The Book of Bel

In a mere 12 days, I will be the father of a teenager. Yikes – especially when I feel like I’m still a teenager. Emotionally, that is. Whatever.

But it’s true, Bel turns 13 on the 14th. And, being the fine country kid that she is, she’s requested an overnight camping trip with three friends and her parents to celebrate the occasion. Cool. That’s the easy part – Walden Pond, here we come.

The hard part is that she’s counting on the completion and presentation of my “Book of Bel,” a project I started years ago that is basically a leather-bound journal of memories. She caught me writing in it years ago and demanded to know what it was since it was obviously a much different journal book than the cheap black and white “Mead” books she accustomed to seeing me frantically scribble in daily.

I told her it was a journal about my memories with her. And so she grabbed it, just like any seven-year old would do.

“No, no, no,” I told her, “it’s not for you now.”

“When?” she asked.

“When you’re thirteen.”

Sure, thirteen was arbitrary but it felt both long enough away and a semi-appropriate age to read some of the entries. And so it was, we had an agreement.

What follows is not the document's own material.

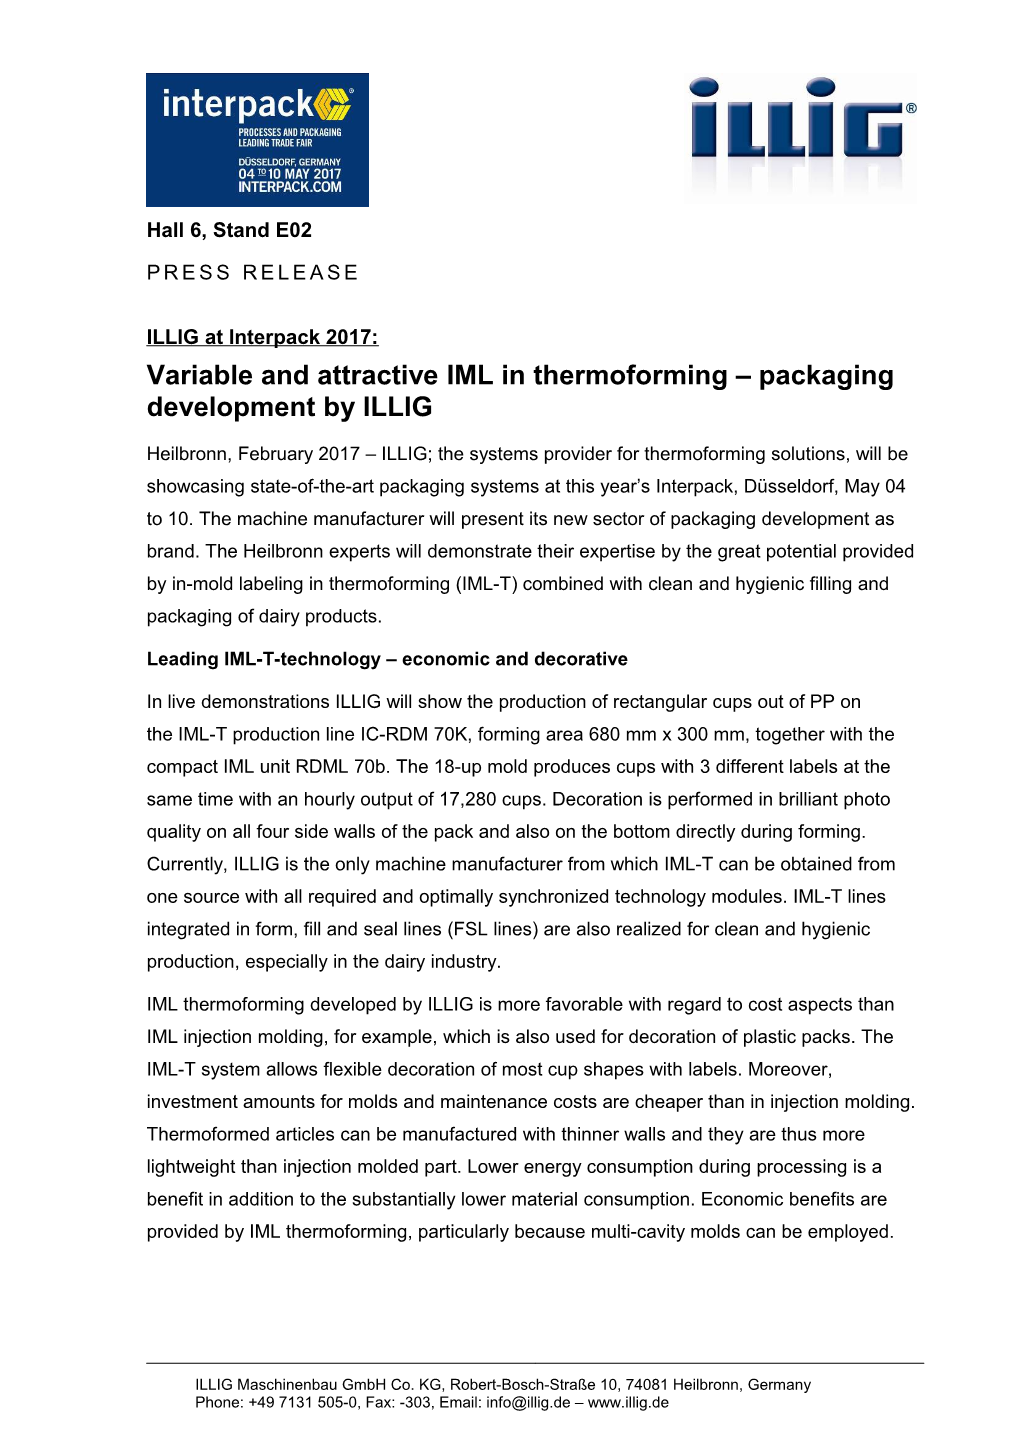 Page1of Press Release: Variable and Attractive IML in Thermoforming Packaging Development

The good news is the journal is mostly complete. I’ve only got a few more memories and stories to add to the collection and then it will be ready for the presentation to the newly minted teenager.

I didn’t know when I made the “thirteen deal” that it would be, indeed, a true age of demarcation for us. It is, after all, coming at the end of a year in which I homeschooled her and just before she makes the journey to the middle/high school known as U-32. In other words: Big Changes – for both of us.

She’s ready for it. Me? I’m not too sure.

And in case you doubt her readiness and astuteness, consider this early entry from my “Book of Bel (1.7.04)”:

“Daddy,” Isabel asked, “where’s the dictionary?”

“Right here,” I responded, handing her our edition of the American Heritage Dictionary.

She took it and went to her favorite reading chair with it. Sitting down, she began thumbing through it while saying out loud, “d, d, d, d.”

“What are you looking up?” I inquired.

“I’m looking up ‘dad,” she said. “Because I want to find out why you’re so annoying.”

A little while later, with the dictionary tucked back into its place, I asked Isabel what she learned about me in it.

“I learned,” she reported, “that you are annoying because you read too much and you don’t play with me enough.”

Wish me luck.

For a more up-to-date entry, here’s the note I copied into the “Book of Bel” that she gave me for Father’s Day, 2010:

I remember that today is Father’s Day.
I remember the time Mom and I were in the bedroom and saw you fall off Dolly the horse.
I remember how funny you looked and how we laughed.
I remember the time you drove the mower into the Walden Pond.
I remember the time you told Buddy [our dog] to get a sock and he got the one on your foot.
I remember the time you tied the sock to the door while Buddy was pulling it.
I remember the dumbstruck look on your face when the door hit your head.
I remember that you are 57 years old. [Editor’s note: I’m not, she’s always added eleven years to my age to annoy me – imagine that.]
I remember that today is Father’s Day.
Now is the really cheesy part where I say “Happy Father’s Day.”
I love you.

Great kid. Great adventure. The gift that keeps giving, for sure.